Survive The Terrible Twos
How to discipline during the terrible twos so that your toddler will be calm and independent. The preschooler event called disequilibrium and how to handle it with conscious parenting.
Do you find yourself thinking that your two-year-old is not just terrible, but that he is not your child at all? He is an alien from another planet come to live in your child’s body, perhaps, and the alien does not realize that you and your child usually communicate a lot better than this! Welcome to the world of disequilibrium, a very real and comforting place, if only because you can know that what your child is going through is normal, and that it will pass. Even better, you do have some control over how quickly your child passes through these difficult times. You can also influence your relationship with your child, your child’s character development, and your own sanity!
Around two and a half years of age, children go through phenomenal growth not only physically, but also mentally and emotionally. You can tell by his language skills that your child is suddenly thinking hypothetically, sympathizing with others, or creating imaginary friends. This takes much greater leaps in brainpower than your daily decisions on what route to drive to the grocery store. Your toddler is also constantly struggling to find the balance between comfort in your arms and the independence he must grasp in order to continue to grow. The stress of all of these internal struggles amounts to what childcare experts refer to as disequilibruim. As the name implies, imagine feeling unbalanced from morning to night, and it will be easier to see your little one from a more sympathetic perspective.
Reign him in when he screams for freedom. You and your child may both think that when he flails his arms and shouts at you to leave him alone that he needs a few days in the woods, but he doesn’t. With your newfound sympathy for his predicament, calmly enforce your household rules a little more stringently than usual. Your child needs reassurance that what he has learned about the world is true and constant. What helps him regain equilibrium is the same consequence for the same misbehavior, even if it means twenty time outs in one day. Follow up your discipline by twenty loving hugs, and your little alien will quickly learn that rules still apply. He will know that you still love him, and the world will slowly become a less overwhelming place.
Satiate her need for responsibility. You may wonder how it can work to refuse your little adventurer all of the independence she is demanding. It works because you do not refuse her. You find some areas of her life in which she can have more control while still refusing to allow her to play with knives or color on the walls. Place her clothes in drawers or shelves she can reach. Allow her to make choices, but do not overwhelm her. Do not ask, “what do you want to wear,” but rather, “what pajamas do you want to wear,” or “which T-shirt do you want to wear?” Create her own craft drawers that she can access on her own when she wants to color, but with stringent rules on what she will do with those crayons when she chooses to remove them from the drawer! Also, find more ways that your child can help around the house. Let her place dishes in the dishwasher after you rinse them, put some of her clean clothes away, and carry things to their place in the house for you. Sometimes she will refuse, but if you move on as if it is a special privilege, she will soon come to love helping.
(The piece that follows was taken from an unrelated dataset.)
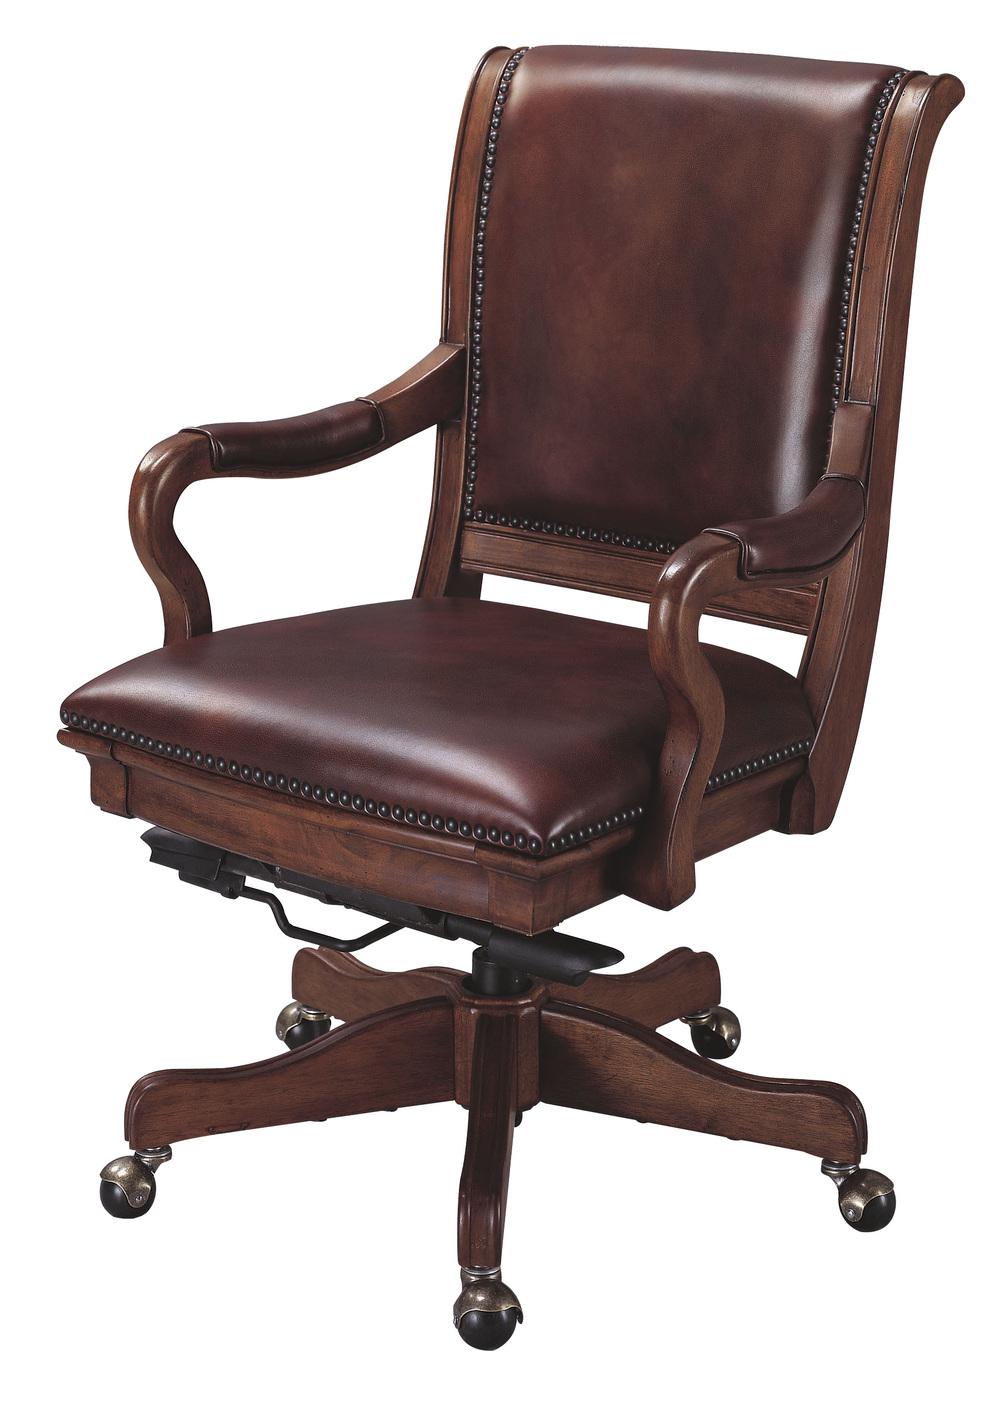 Aspenhome - Richmond Executive Chair

Her newfound responsibilities will go a long way in calming her, since she will be busy and interested in her new tasks.
Finally, be prepared for more. When you see how quickly your child’s outrageous behavior subsides, do not think that it is over. Disequilibrium will reoccur in most children. Just handle each meltdown with a little extra love and discipline, and you will see the episode subside much more quickly than even you thought possible. The biggest benefits from handling these trying times calmly and thoughtfully will be a trusting relationship between you and your child, and his own self- confidence. Your child can remain loving and respectful while fearlessly exploring his world.